# Check if a tree is a Binary Search Tree or Binary Tree

Problem Statement: Given the root of a binary tree, determine if it is a valid binary search tree (BST).

A valid BST is defined as follows:

• The left subtree of a node contains only nodes with keys less than the node’s key.
• The right subtree of a node contains only nodes with keys greater than the node’s key.

Both the left and right subtrees must also be binary search trees.

Examples

Example 1:

Input Format

Tree: 5 1 6 -1 -1 4 8

Output: False, Not a BST

Explanation

Node with value 4 is present in the right subtree of the root node with value 5. This violates the property of the binary search tree that the right subtree should only contain nodes with values greater than a node.

Example 2:

Input Format:

Tree: 13 10 15 7 12 14 17 -1 9 -1 -1 -1 -1 16 -1 8 -1 -1 -1

Output: True, the given tree is a BST.

Explanation:

All nodes are following the property of BST that for each node, all nodes in its left subtree have values smaller and all nodes in its right subtree have values greater than the current node’s value.

Practice:

Disclaimer: Don’t jump directly to the solution, try it out yourself first.

### Approach:

In a Binary Search Tree (BST), every node holds a value, and the left subtree of a node contains values smaller than that node’s value, while the right subtree holds values greater than the node’s value. To ensure the entire tree follows this rule, we establish a range of valid values for each node.
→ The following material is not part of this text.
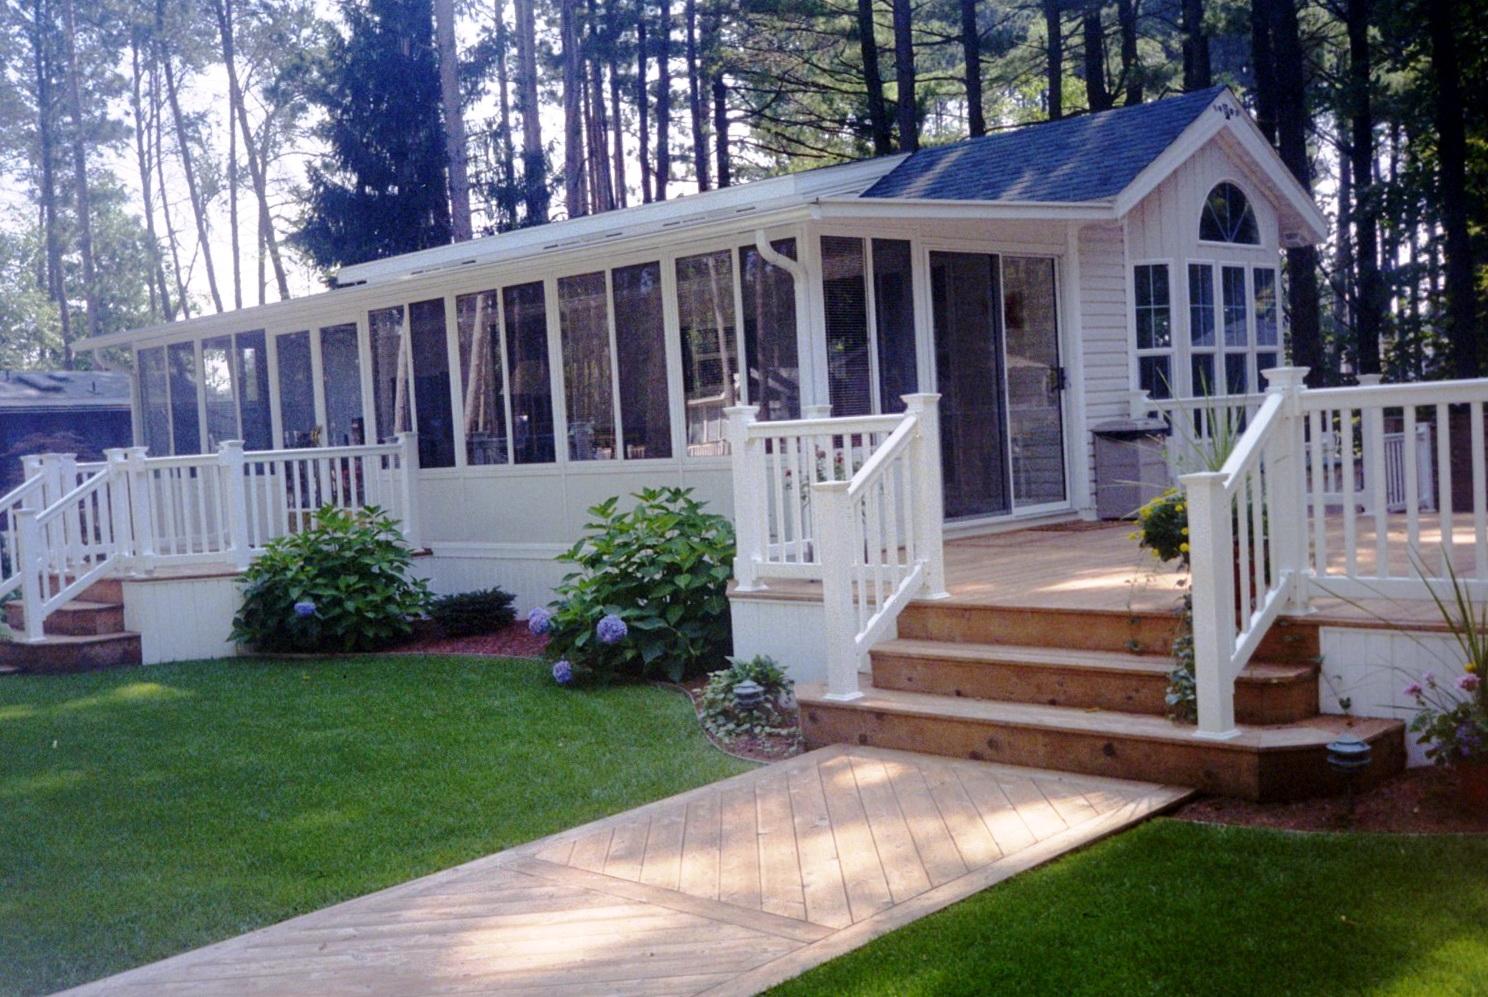 Front porch decks for mobile homes home design ideas for Porch and deck designs for mobile homes
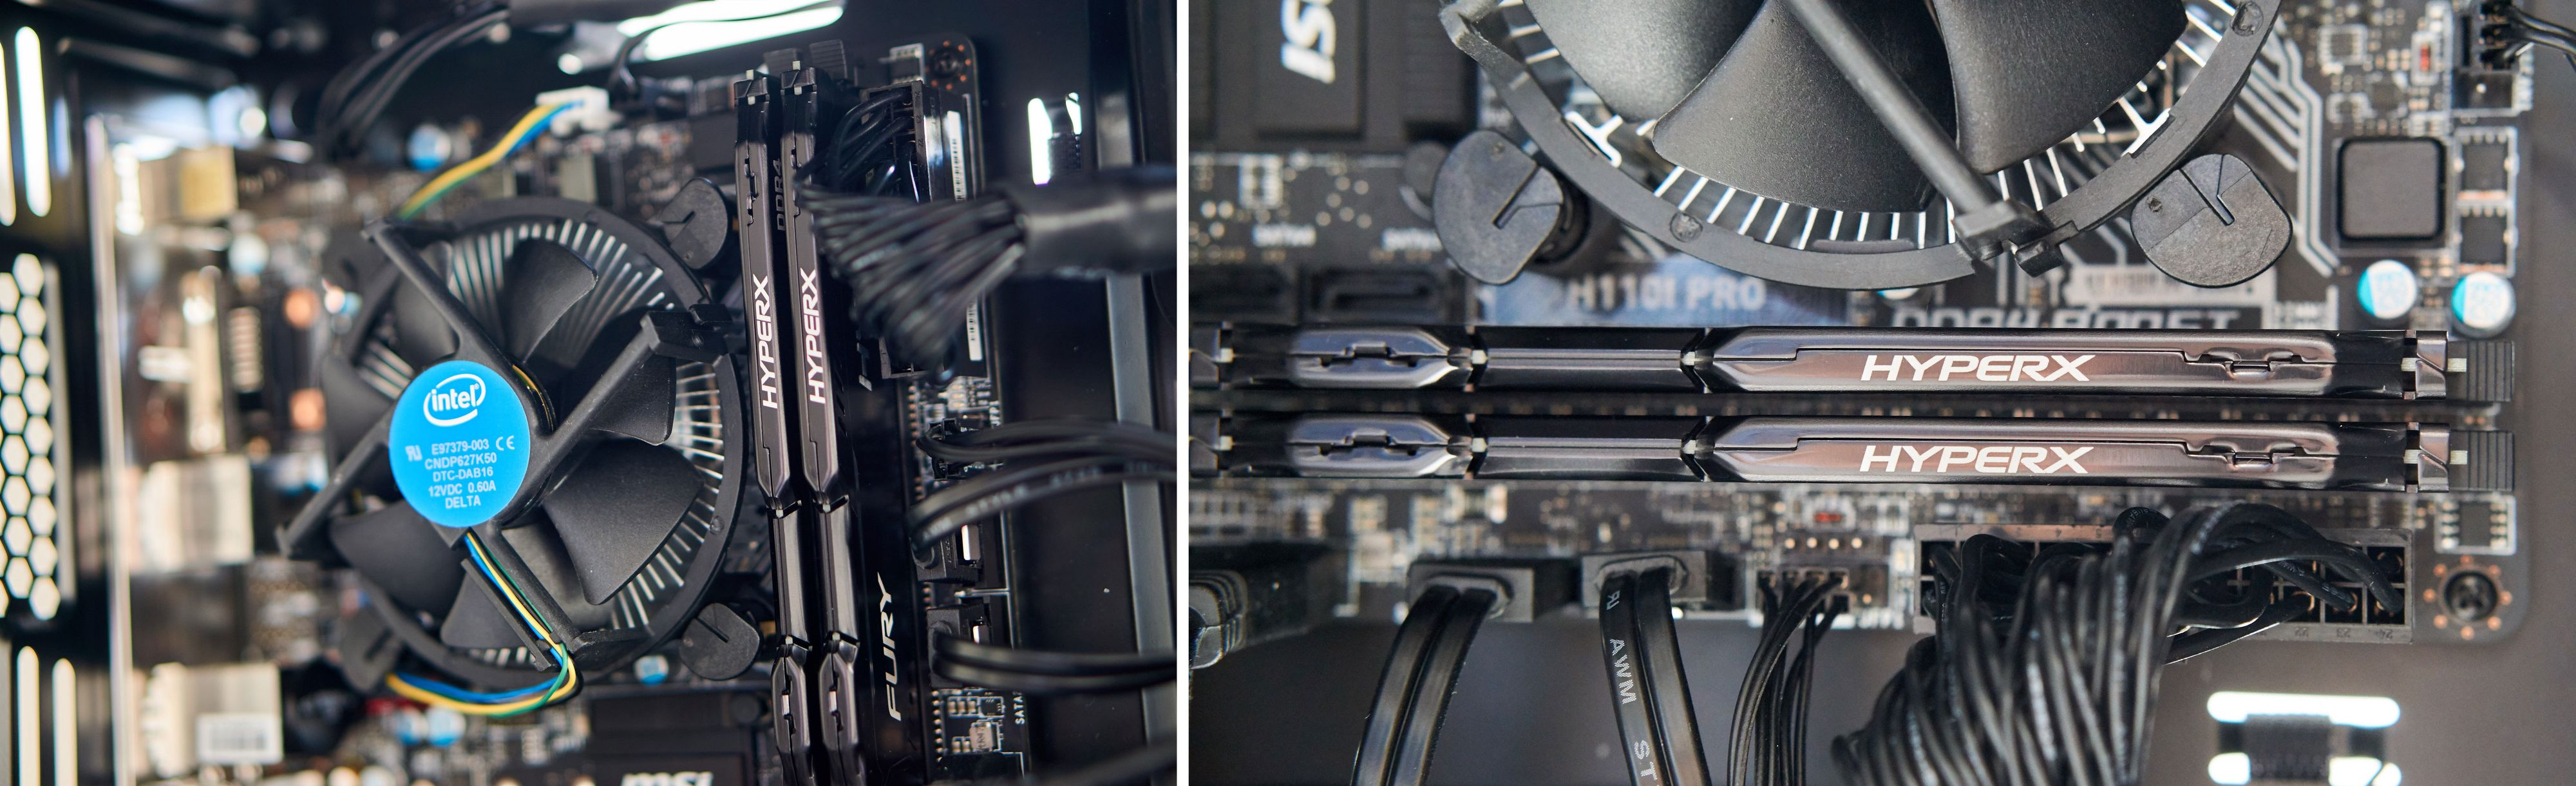 En Intel Core i5-6600 i tospann med 16 GB DDR4-minne fra HyperX driver maskinen.

For any given node, its left subtree should contain values within a range from the smallest possible value up to just below the node’s value. Similarly, the right subtree’s values should fall within a range from just above the node’s value up to the largest possible value. This range checking ensures that at every step, each node’s value complies with the order established by a BST.

### Algorithm:

Step 1: Start at the root of the binary tree and define a recursive function isValidBST that takes a node, along with its minimum and maximum allowed values as arguments.

• If the node is null, return true as that would be a valid BST.
• If the node’s value is outside the given range (smaller than the min value or greater than the max value), return false.

Step 2: Call the isValidBST function starting from the root node with an initial range of minimum and maximum values that cover the full range of possible values (negative int min to positive int max). If the function returns true, the tree is a valid BST; otherwise, it’s not.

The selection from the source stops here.